Part 2: Sleeping Position, Pillows, and the Myth of the Perfect Setup
It was Dani who asked the first question. “I have an inquiry,” she said, as if unsure whether the question belonged in this class. But it did. “It’s to do with sleeping position.”
Dani described tightness—specifically on the right side, up into the occipital area. She referenced an interview she’d heard, where a man advocated back-sleeping with a special pillow designed to restore the natural curve of the neck.
“Was he selling that pillow?” Mio asked, dryly.
“Yes,” Dani admitted, smiling.
Mio went on. “The best way to protect your sleep is what you do during the day—with your thinking and your body.”
Not posture. Not pillow. Not special angles. But thinking.
This wasn’t a dismissal of comfort. It was a reframing. Most people change positions while they sleep.
Trying to micromanage the perfect alignment during unconscious hours is like trying to choreograph your dreams.
What matters most is the prelude to sleep—what happens during the day and in the last moments of wakefulness.
Rather than hunting for a sleep product that will fix your discomfort, ask a different question: What do I do with myself before I go to sleep?
Do I ruminate? Do I brace against tomorrow? Do I replay tension from the day?
Or do I give myself three minutes of noticing? Primal Alexander does not promise perfect sleep. But it offers something more durable: a way to prepare for unconsciousness with conscious grace.
That is not a trick. It’s a skill, a discipline and a form of kindness. It’s a way of using your conscious mind to prime your natural autonomic functioning in order to promote a natural sense of ease, efficiency and perhaps even deeper, more restful sleep.
Part 3: Nora’s Story and the Art of Coming Back
“What else is on your minds?” Mio asked, opening the circle again. Nora stepped in, her voice calm, but her words trembling with a deeper revelation.
She had been teaching, speaking, leading a class. Everything had been going smoothly—until she got excited. She was telling a story, something meaningful, and suddenly she realized: she was gone.
Off and away. Lost in the excitement. “I was just out there,” she said. “And then I thought—hang on, Nora. Come back.”
This was not a crisis. This was a milestone. The ability to notice when presence disappears is not a failure—it’s a key achievement.
Mio reminded her of “The fact that you could make a distinction between when you’re in and when you’re out is excellent.”
What followed was a cool breakdown of internal drift and recovery. Mio outlined it step by step:
You're present. You're easy. You’re engaged.
A stimulus comes. Distraction. Excitement. An idea.
You begin to drift.
Ease diminishes, usually slowly.
At some point, you notice.
Now you have a choice: return or continue drifting.
That moment of noticing? That’s the power point. And the more you practice, the sooner you see it. What used to take hours to recognize now takes seconds or less.
Nora asked: “Is there a way to tell a story with constructive thinking?” She could manage it one-on-one. But with a group, she found herself swept away more easily.

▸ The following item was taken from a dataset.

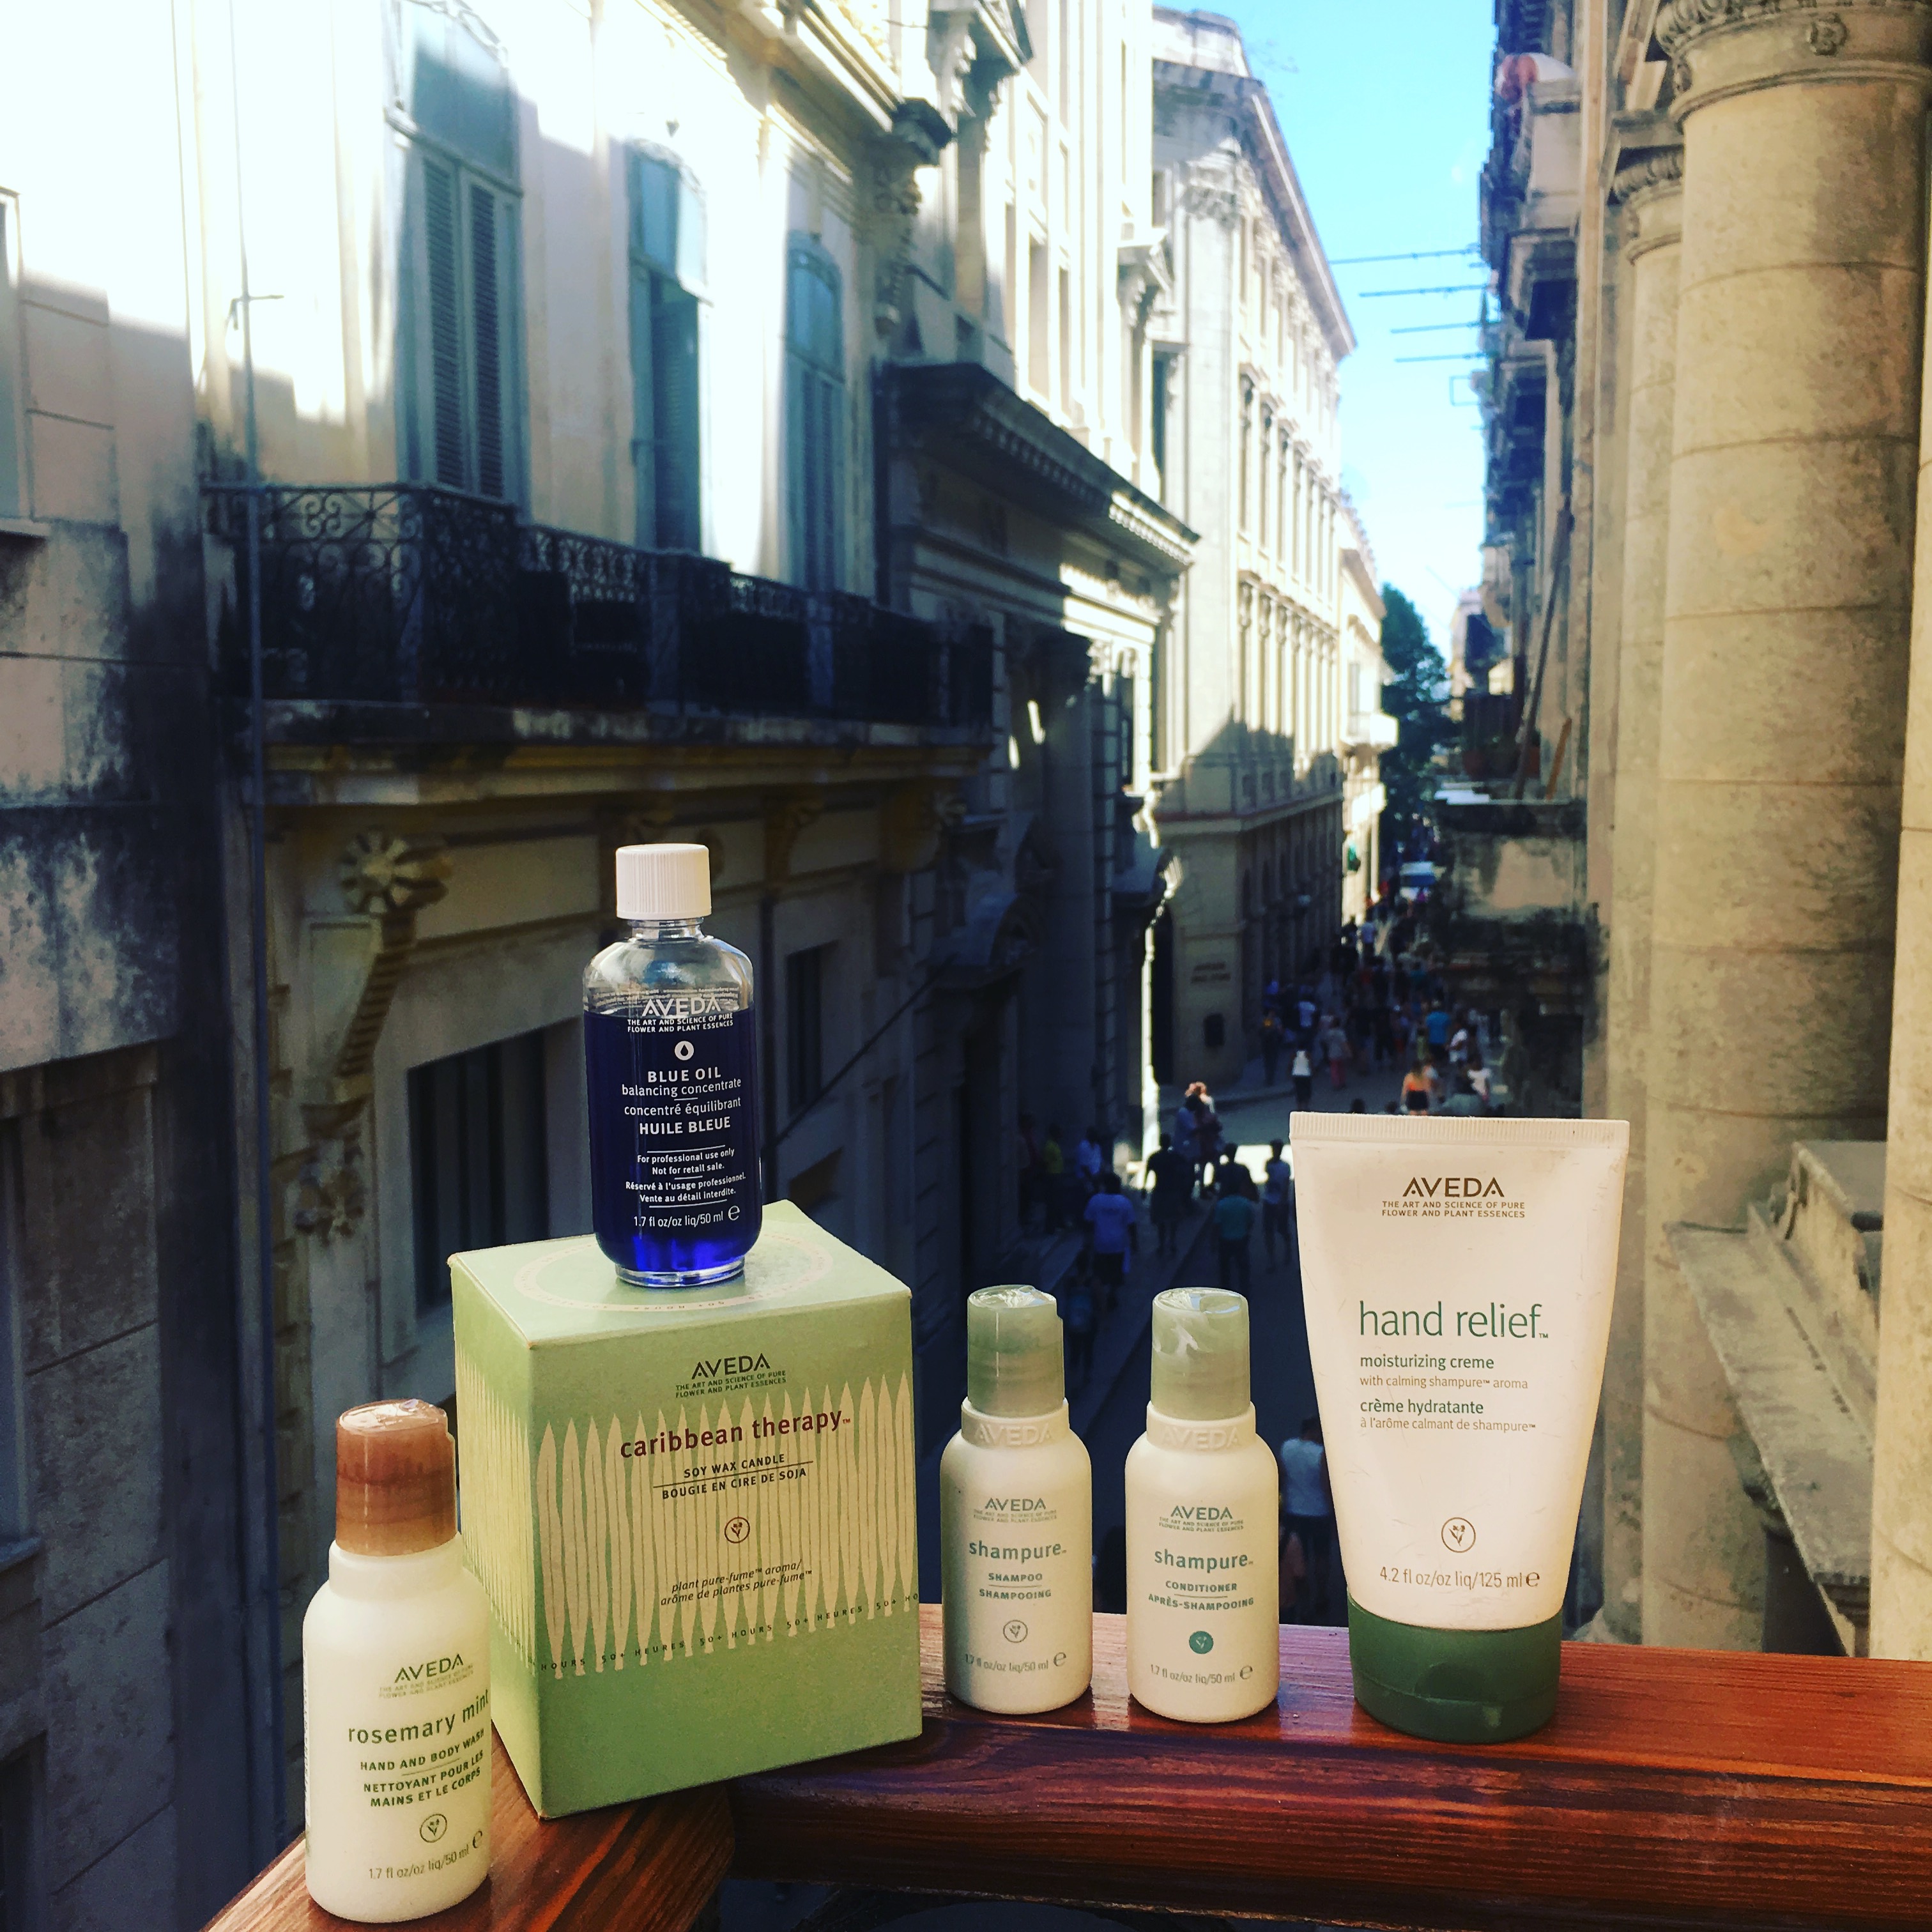 Aveda Products Luisa donated to the Spa Owners, School Directors and the children in Old Havana, Cuba

Mio invited her to try again. To tell the same story. But this time, to prioritize Ease—not what you think the audience is thinking.
Nora began.
“I was devastated to hear that my musical god had died,”
The room softened.
Mio gently slowed her down, asking her to pause between ideas. “I was devastated. [pause] To hear. [pause] That my musical god. [pause] Had died.”
Each break was a chance to return to ease. And, paradoxically, the story became more connected and much more expressive.
Nora admitted something raw: pausing was hard. Letting her voice be heard was hard. “Somewhere, I feel like I shouldn’t be making a sound. I should just be listening.”
That old programming, that childhood silence, had shaped the way she spoke even now. “Taking pauses is incredibly confrontational for me.”
Mio met that honesty with his own: “That’s good to know. Now you can use it. Listen to what’s happening within you as you speak—not just to what you’re saying.”
They tried again. Nora spoke. She paused. She allowed. And with each pause, she returned— to the ease, within herself. Those pauses resonated with deep feeling.
A rich expressiveness that moved us and totally took Nora by surprise.
”That didn’t sound like me to me but somehow it rung so true”
When Nora paused, when she gave herself time, her voice carried depth. She didn’t perform the story as much as the story performed her.
Constructive thinking, in this context, is not about controlling every word. It’s about choosing what you prioritize. Noticing what the act of expressing is doing to you. And giving yourself the chance to be true to yourself so your voice can speak your truth.
It was that simple. And that profound.
Part 4: Dani’s Voice and the Child Within
Dani’s voice entered next. Not in a rush, but gently. Hesitantly. She acknowledged that what Nora had shared resonated deeply. “All of what she said really applies to me too.”
Then she shared the setting: a family gathering, familiar and charged. “There’s a particular trio—me and two relatives—and I feel like I don’t have a voice.”
She described the sensation: speaking quickly, trying to get a word in, feeling that no one was curious about what she had to say. In that dynamic, her words lost their weight. Her voice lost its grounding. “Maybe I don’t value what I have to say, because I don’t feel anybody else does.”
The group listened. Mio invited her to explore not just the memory, but the felt sense of it.
“Imagine the situation,” he said. “What happens to you as you think about it?”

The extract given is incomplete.